The second attempt was very successful.  I got fresh whole wheat and rye flours from Whole Foods bulk section so that I could buy a smaller amount rather than a whole bag.  Also, for Phase 3, I use half water and half pineapple juice.  I kept using a mixture of whole wheat and rye flours until the seed starter phase.  I used whole wheat and bread flour for the mother starter.  My resulting starter has been going strong for several months. 


Since has been quite warm in So. California, the starter may be ready to move to the next Phase sooner.  So keep watch and go to the next Phase when the starter matches the description in the book.


Good luck and be patient.  It's worth the wait.


RikkiMama

intheend's picture
intheend

Ok so I tried this method again immediately after the post and I just had to throw my starter out again. I don't understand what is going on. Every time I get to Phase 2, I never get any bubbles or growth. I stir it just like suggested. Am I supposed to be feeding it or something?

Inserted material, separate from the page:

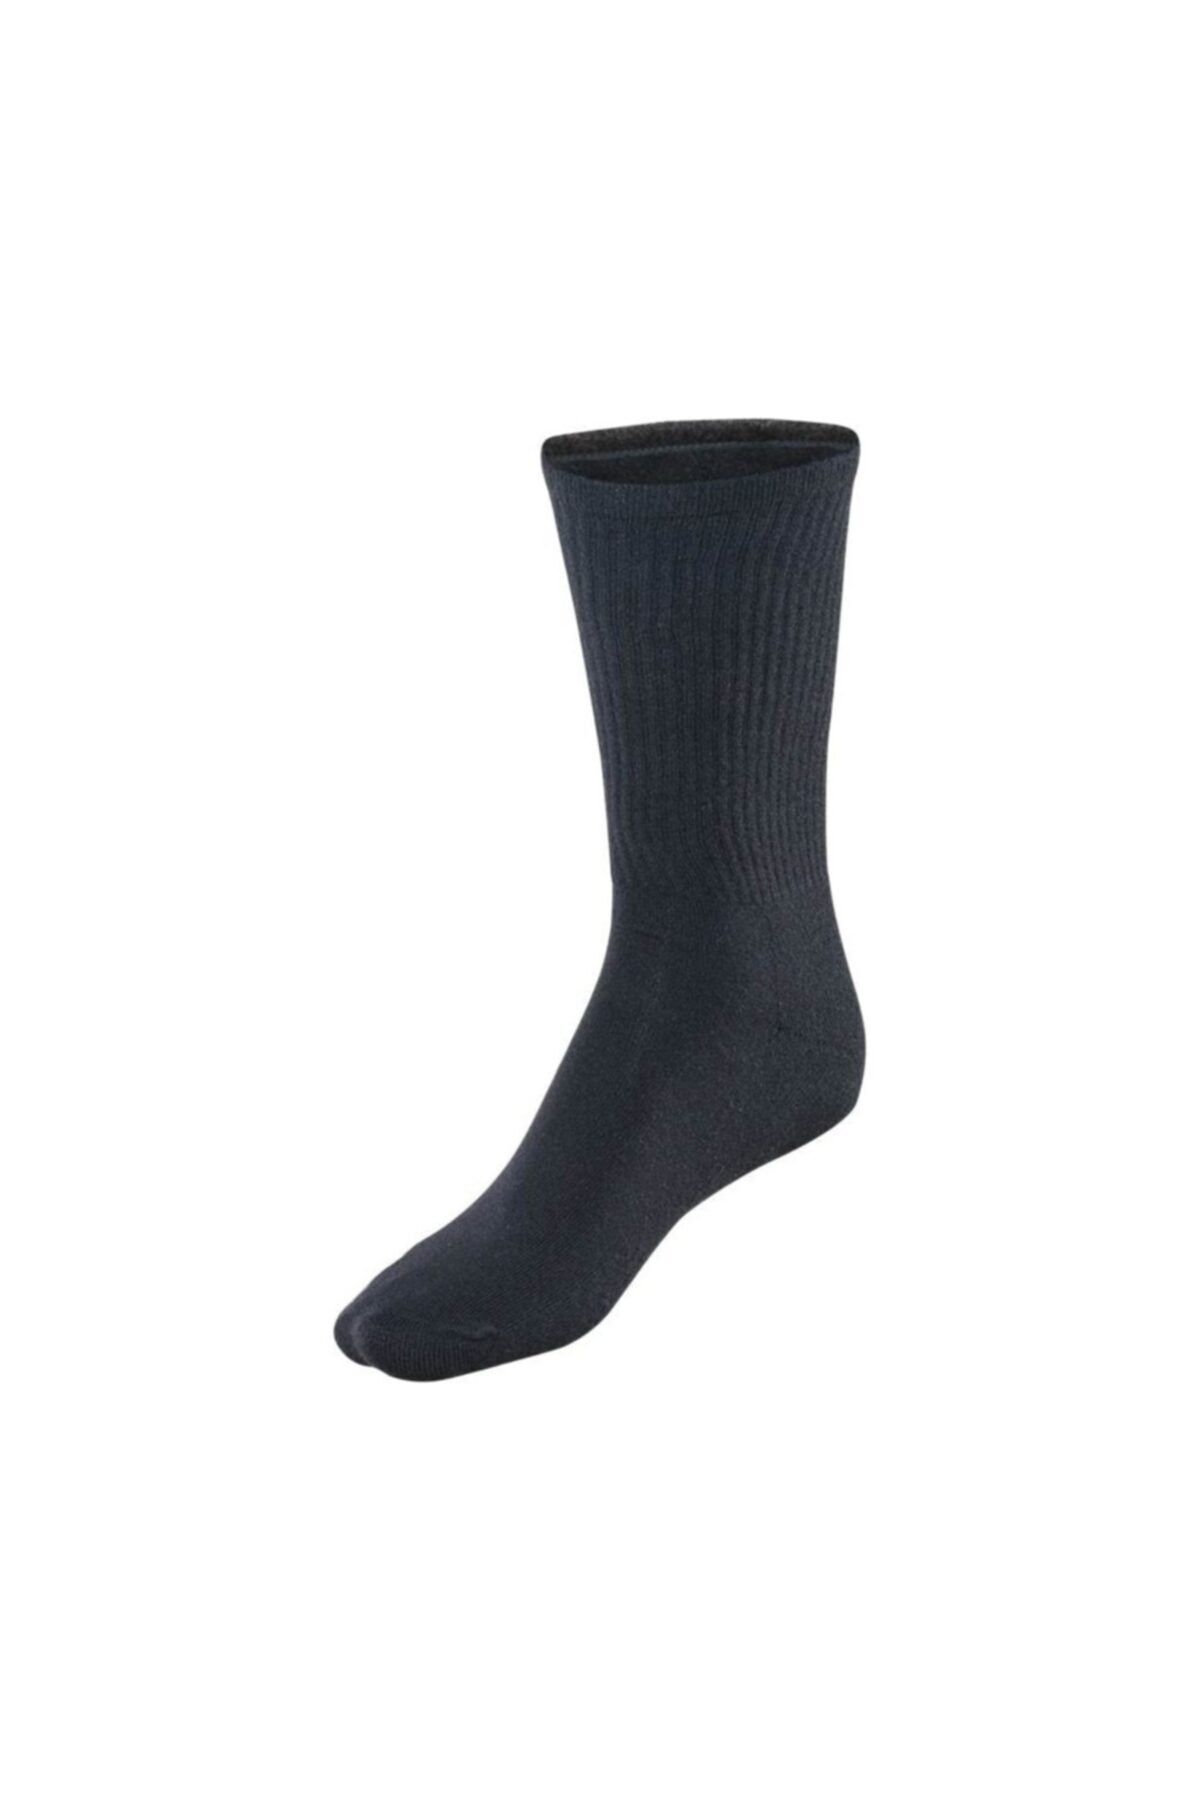 Blackspade Unisex Thermal Çorap Taban Çift Katmanlı Tek Adet

I let Phase 2 go for about 14 days and it just smelled so bad I had to finally get rid of it.


Can anyone give me some advice? I used whole wheat flour and did see activity during Phase 1 but never Phase 2. He says to move on to Phase 3 when you see activity so I never make it that far. I'm determined to make this work!

LindyD's picture
LindyD


Am I supposed to be feeding it or something?



That would certainly help.  While I don't have ABED, all the sourdough instructions I've come across require you to feed the culture at least every 12 hours.   


Of course, you do have to discard a portion of before feeding.  


Also, try adding some organic rye to the mix.